For each cluster its corresponding entry in the file allocation table stores the address of the next cluster. To access a cluster of a file, the linked list of clusters (the cluster chain) must be traversed to know the cluster location. The FreeDOS-32 FAT driver caches the location of the last accessed cluster in order to avoid to scan the cluster chain every time, unless it is required to access a preceding cluster.

When a file is read sequentially, a FAT file system driver must continuously jump back and forth between the data area and the file allocation table, to read data and to know the location of the next cluster. This has of course a serious performance hit as the underlying block device (for example a disk) must perform a lot of seeks. For this reason the FreeDOS-32 FAT driver provides buffered access, caching the most recently used blocks, greatly improving the I/O performance.

Directory format

In the FAT file system a directory is just a file. The content of this file is a table of 32-bytes entries which describes the list of files in that directory. A 32-byte directory entry contains the file name, attributes, time stamps, the first cluster of the file (needed to start to traverse the cluster chain) and the file size. Thus, all the metadata of a file are stored in its directory entry. Each file can have only one directory entry, i.e. hard links are not supported.
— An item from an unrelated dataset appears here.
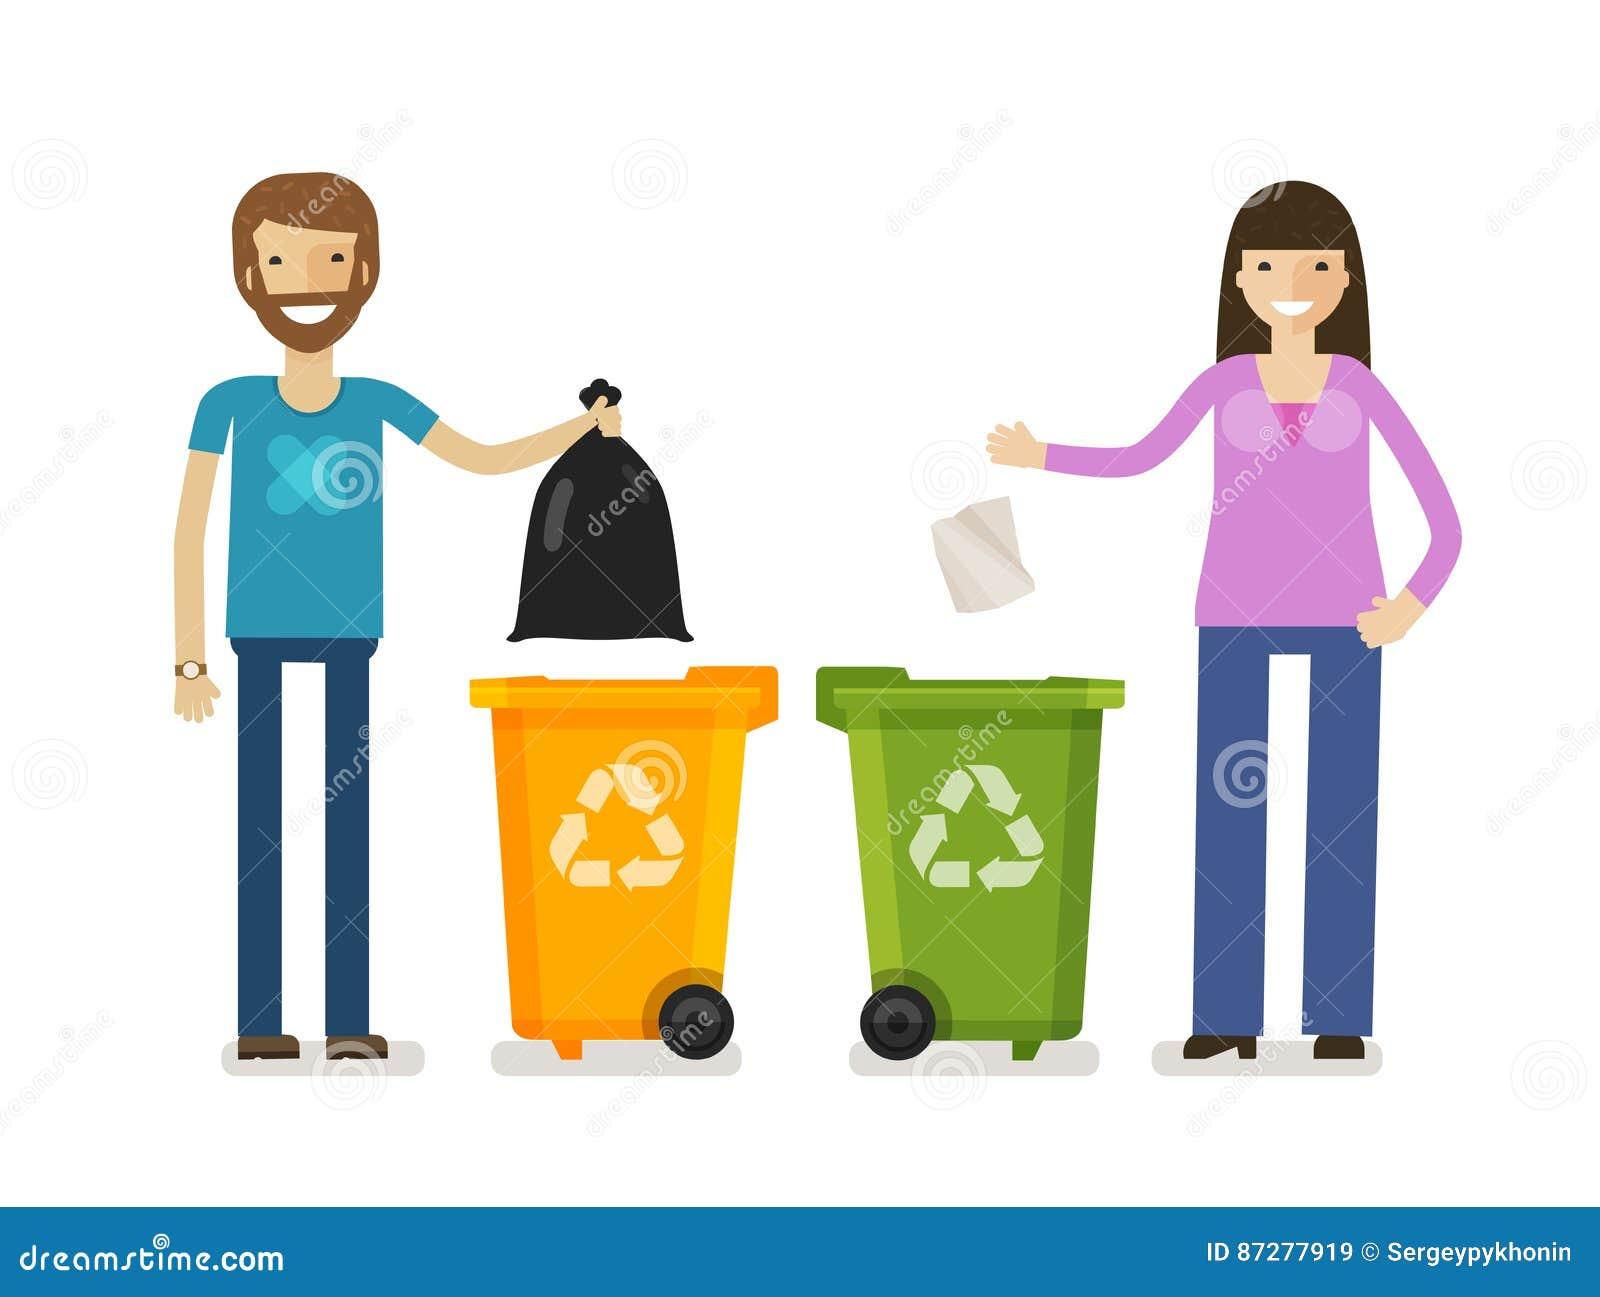 Kosz na śmieci, pojemnik na śmiecie w płaskim projekta stylu Ekologia, środowisko symbol, ikona obcy kreskówki kota ucieczek ilus

If a file is a directory, it has the directory attribute set and its size is zero. If a non-directory file is zero bytes long, no cluster is allocated and its first cluster value is set to zero. The address of the starting cluster of a file can be used as a file serial number (also called inode number) to uniquely identify a file, but since any zero-length file has its starting cluster set to zero this makes assigning serial number to files more difficult. The FreeDOS-32 FAT driver uses the location of the directory entry for zero-lenght files, since there are no hard links. This is used, for example, to know if a certain file is already open.

Directory entries in a directory are not sorted, thus looking up a file in a directory can be a slow operation. This is especially true when a pathname has to be resolved, because each component of the pathname must be looked up.

Long file names

A 32-byte directory entry contains a field for the file name that is only 11 bytes long: 8 bytes for the name and 3 for the extension, the separating dot is not stored. To introduce long file names (LFN), the architecture of the FAT file system has been hacked to allow extra "special" directory entries. Many use the denomination VFAT for this modified FAT file system.

Please note that the long file names capability is not directly related with FAT32: you can have long file names on FAT12, FAT16 and FAT32 volumes. People often confuse LFN with FAT32 because they were introduced almost at the same time, upon the launch of two near revisions of Windows 95.

No regular file can have the volume label attribute bit set together with other attribute bits, so this "impossible" attribute mask is used to indicate a special directory entry, used to store a part of a long file name. Each LFN directory entry stores up to 13 characters of a long name in Unicode UTF-16 (16 bits per character). The first cluster field of such a directory entry is always set to zero, and several checks are used to ensure directory entry consistency.

For each long file name, a standard directory entry is also created, to store attributes, time stamps, first cluster and file size, and also a short name alias for compatibility with older applications. A long file name can be longer than 13 characters, and in this case several LFN entries are used. Each entry has a progressive counter, and an 8-bit checksum of the short name alias. The LFN entries are stored in reverse order, from the last to the first, and right after them, the short name alias directory entry with the metadata.

Portability

This section, to be done, will describe how to port the FreeDOS-32 FAT driver to other platforms.